▸ **Task objective**: Take the data below and extract the lines from the one with "Shop Now Stunning" to the one with "Mitsubishi Electronics XD110, SD110", inclusive, exactly as written.

▸ **Exercise materials**:
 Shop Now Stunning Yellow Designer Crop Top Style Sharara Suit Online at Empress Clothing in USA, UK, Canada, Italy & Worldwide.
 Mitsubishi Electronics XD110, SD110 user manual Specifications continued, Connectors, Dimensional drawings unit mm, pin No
==
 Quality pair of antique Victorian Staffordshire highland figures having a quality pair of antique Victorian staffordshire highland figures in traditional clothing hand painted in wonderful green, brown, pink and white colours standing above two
==
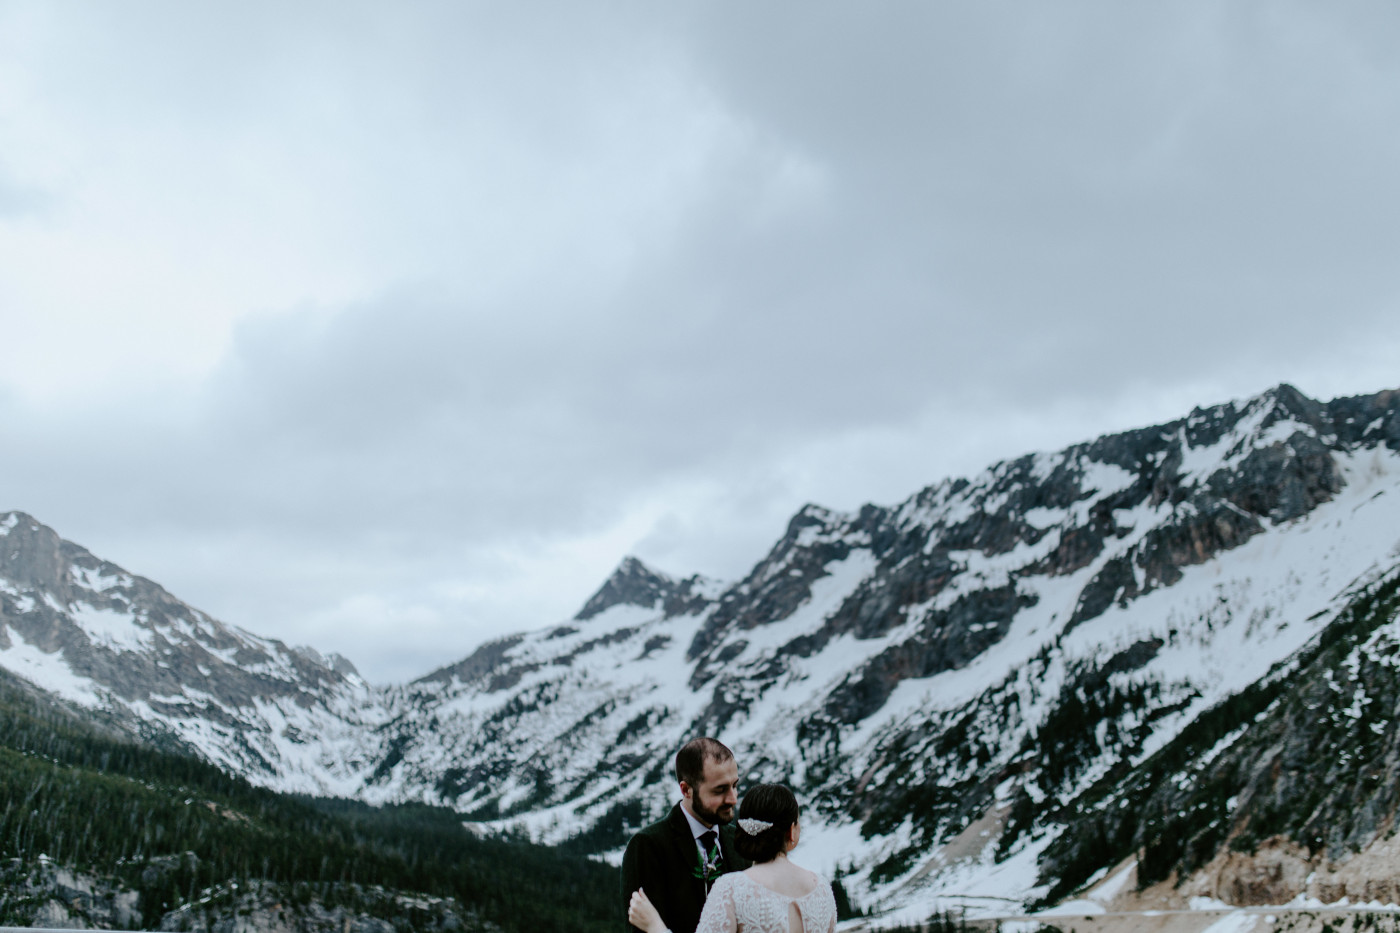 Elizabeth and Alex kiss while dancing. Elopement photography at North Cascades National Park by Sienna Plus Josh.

▸ **Answer box**:
 Shop Now Stunning Yellow Designer Crop Top Style Sharara Suit Online at Empress Clothing in USA, UK, Canada, Italy & Worldwide.
 Mitsubishi Electronics XD110, SD110 user manual Specifications continued, Connectors, Dimensional drawings unit mm, pin No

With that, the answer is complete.